Saudi Arabia and its allies severed diplomatic and transport ties with the small Gulf nation in mid-2017 over the country’s alleged support of terrorism. Qatar has denied the accusations.
Qatar found workaround strategies and different trade routes after the incident, and shares in many Qatari companies have rebounded strongly.
The Qatar National Bank (QNBK.QA), for instance, saw shares surge by roughly 55% in the past year. The bank is the largest constituent in the QE index.
Brazil’s Bovespa index (^BVSP) also saw a strong 12% run-up this year as the nation’s economic prospects improved and international investors pushed money back into stocks.
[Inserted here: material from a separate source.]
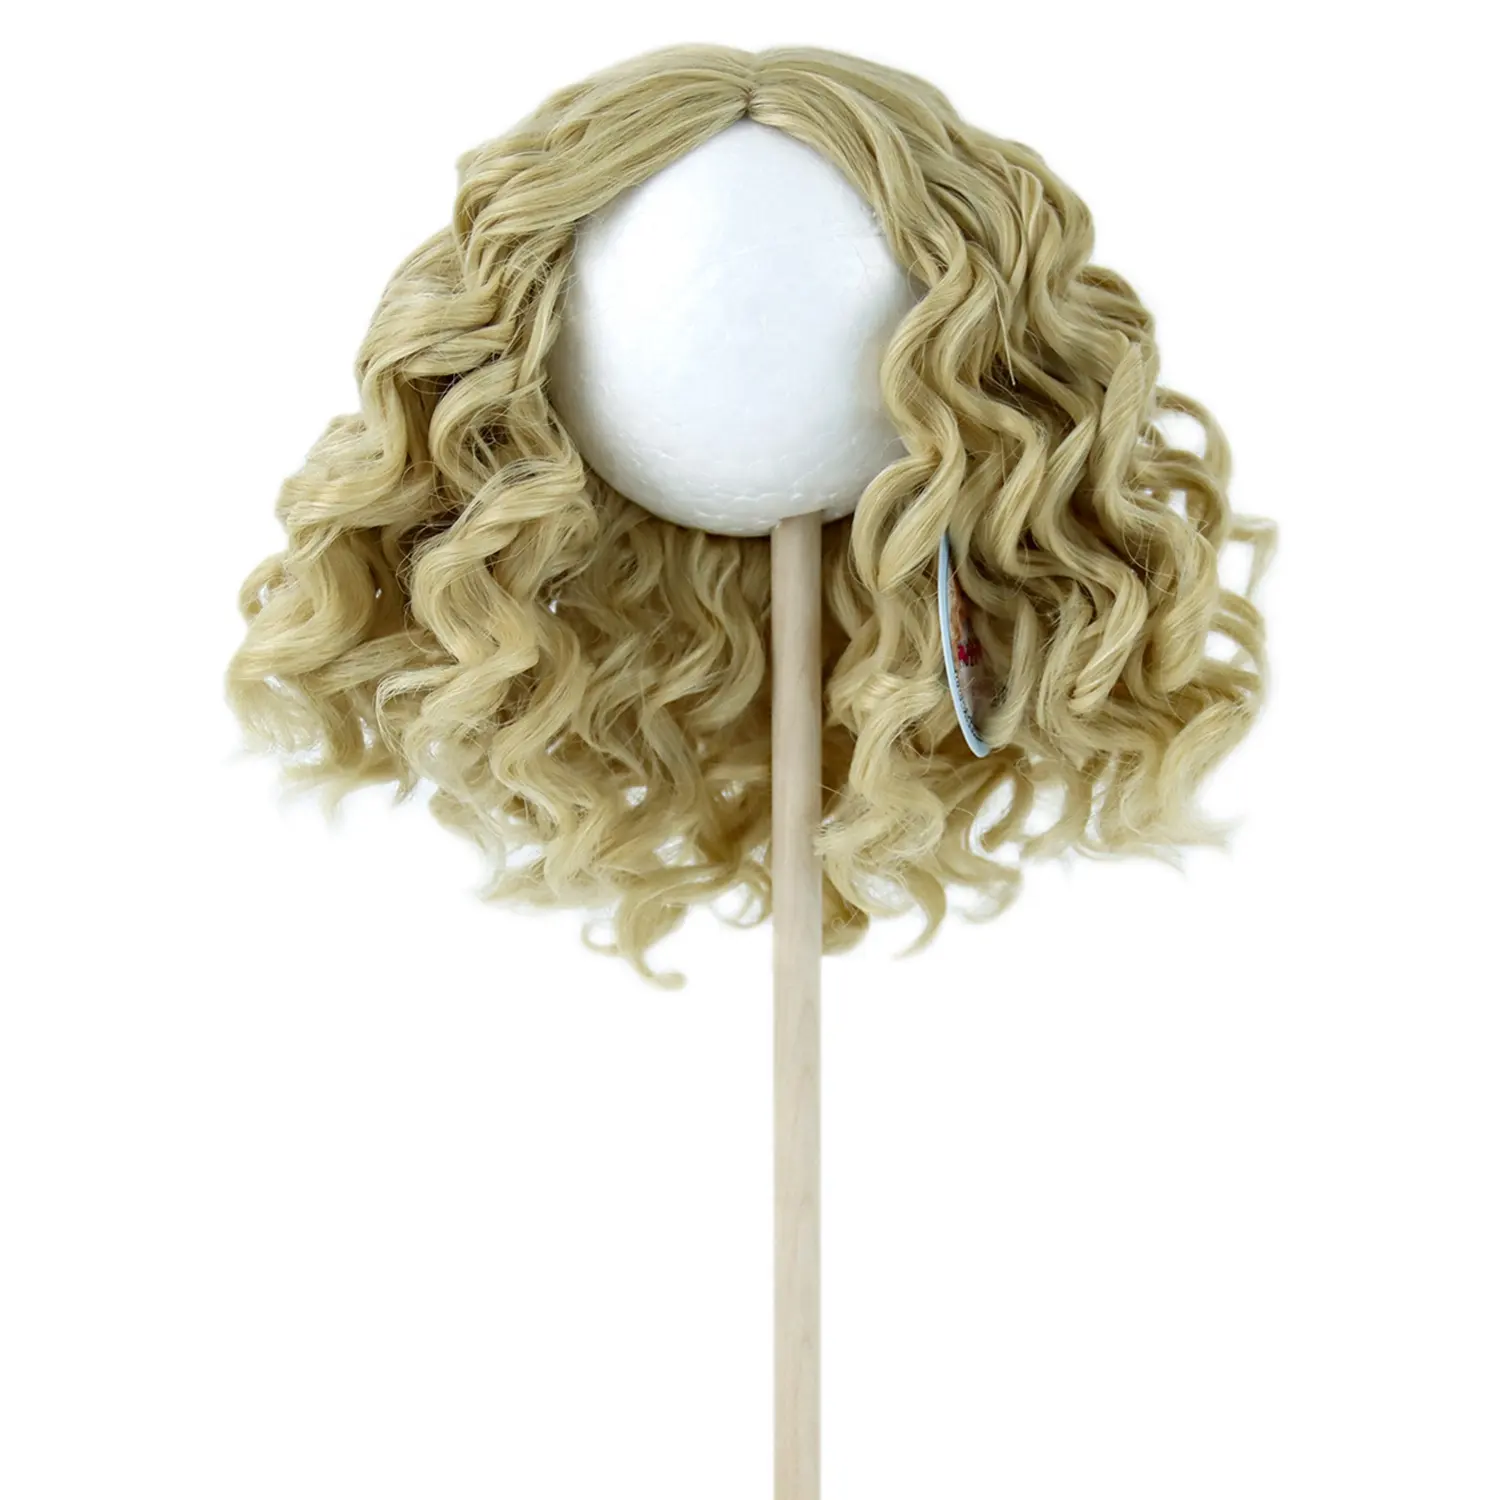 Peluca de muñeca sintética Afro rizada, cabello marrón claro ondulado, para muñeca americana de 26cm, 45cm y 18 pulgadas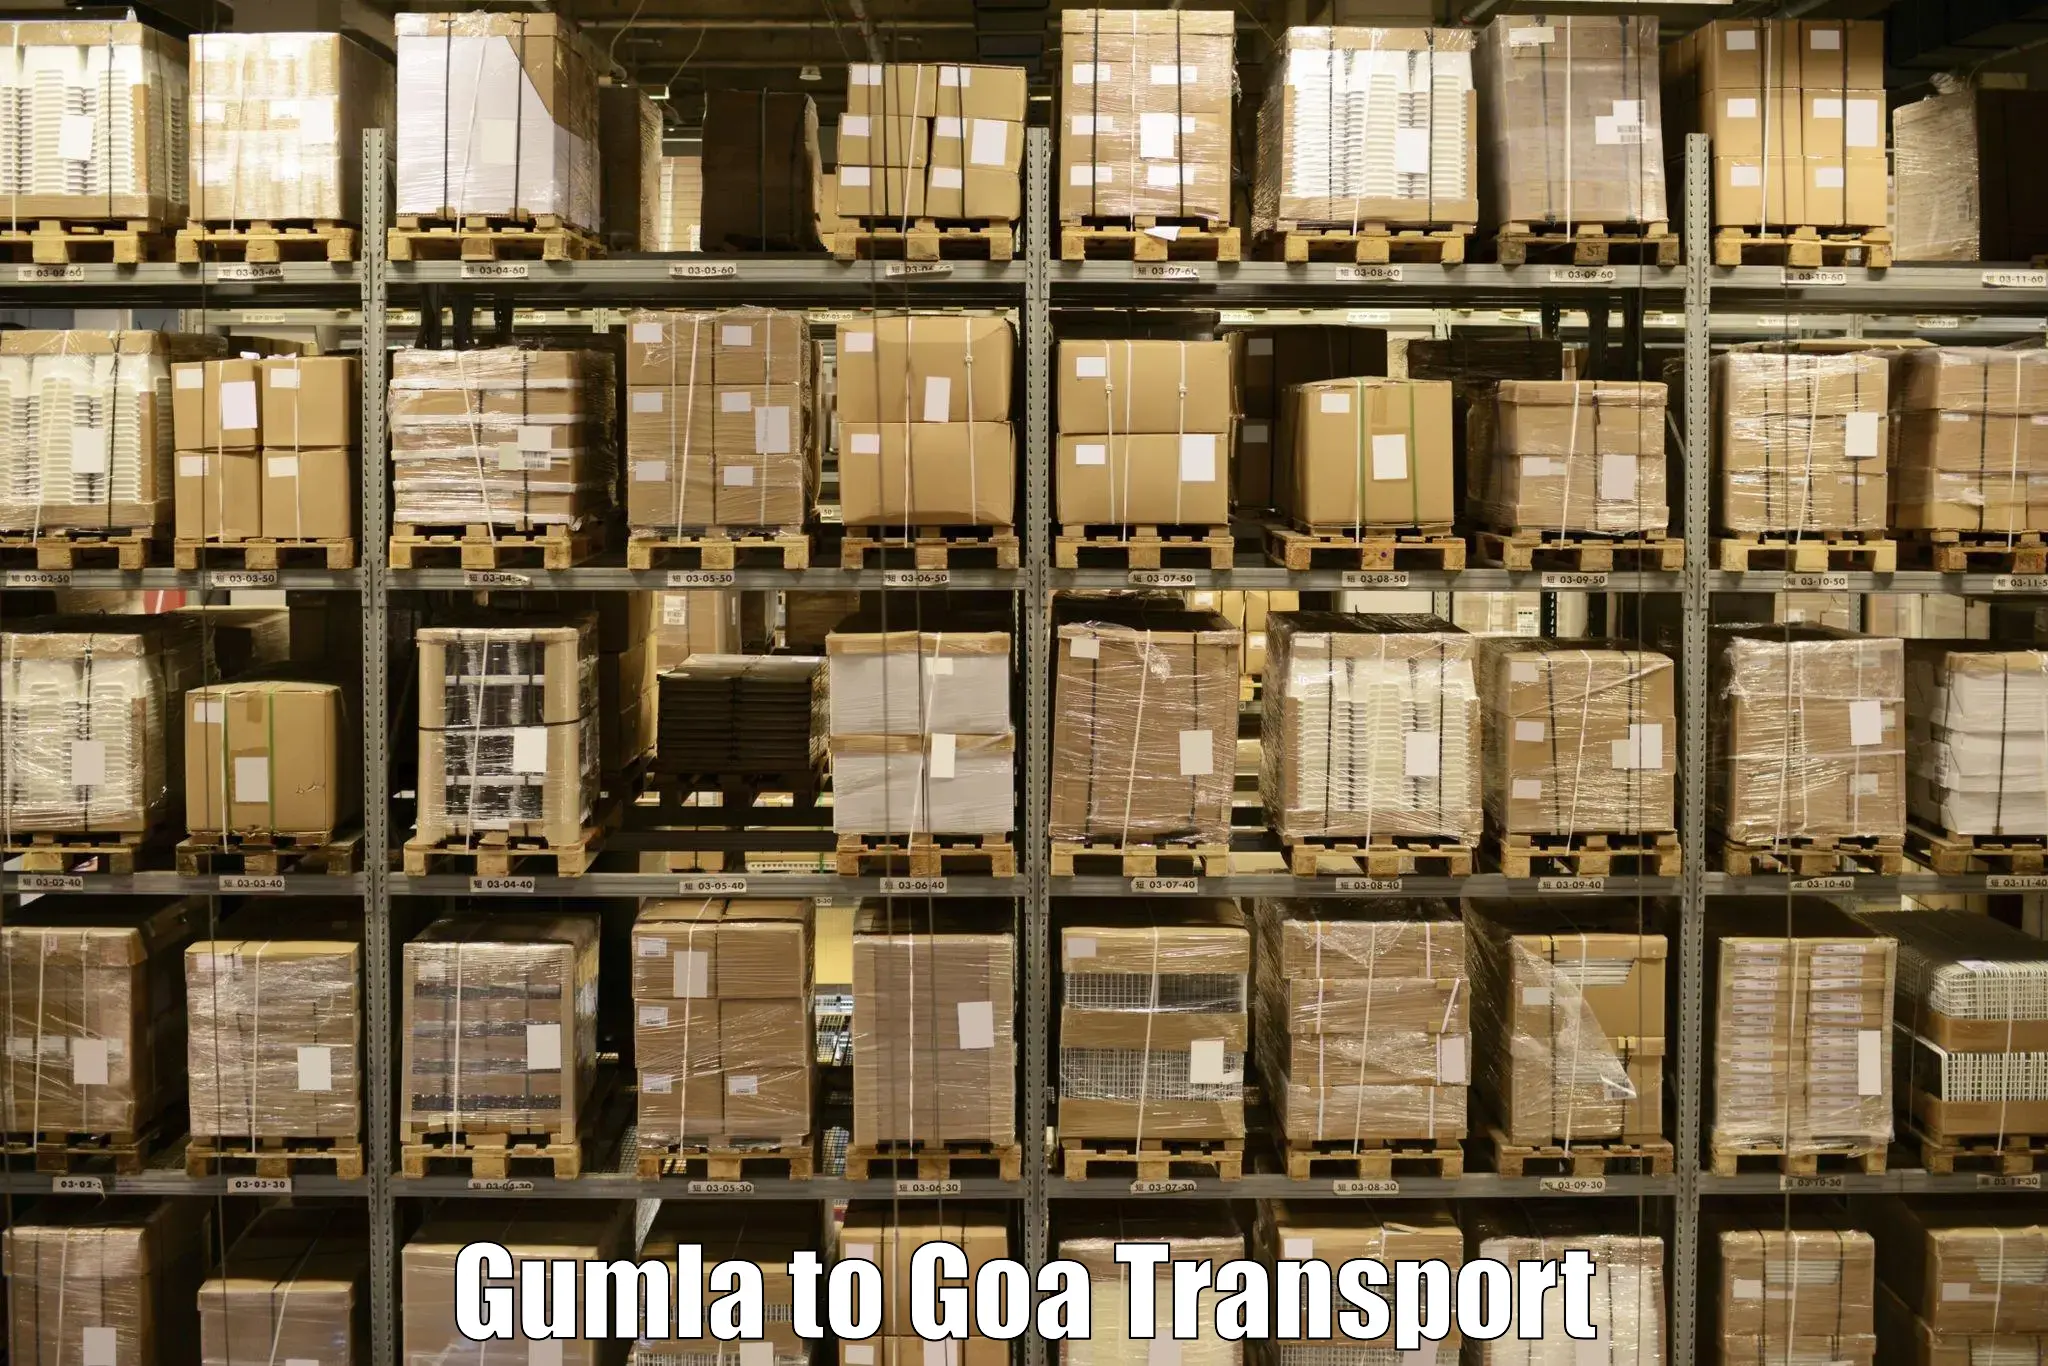 Transport shared services Gumla to Bicholim

“The key message here … is that the Brazilian economy is recovering and will continue to do so next year,” said Andres Abadia, a senior economist at Pantheon Macroeconomics, in a research note.
The biggest losers
Key European and Asian stock markets experienced some of the worst selling of 2018. Tariffs and trade tensions have been blamed for spooking investors and leading to a more challenging business environment.
Germany’s benchmark Dax (^GDAXI) endured losses of roughly 20% as US-China trade tensions and tariffs slammed the country’s automakers and other global exporters.
The Greek ASE and Irish ISEQ endured even larger losses, with both indices down by about 25%.
In China, the all-important Shanghai Composite (000001.SS) dropped by 25%.
US stock markets also suffered, but the losses weren’t nearly as dramatic. The main indices were down by roughly 5% to 7% since the start of the year.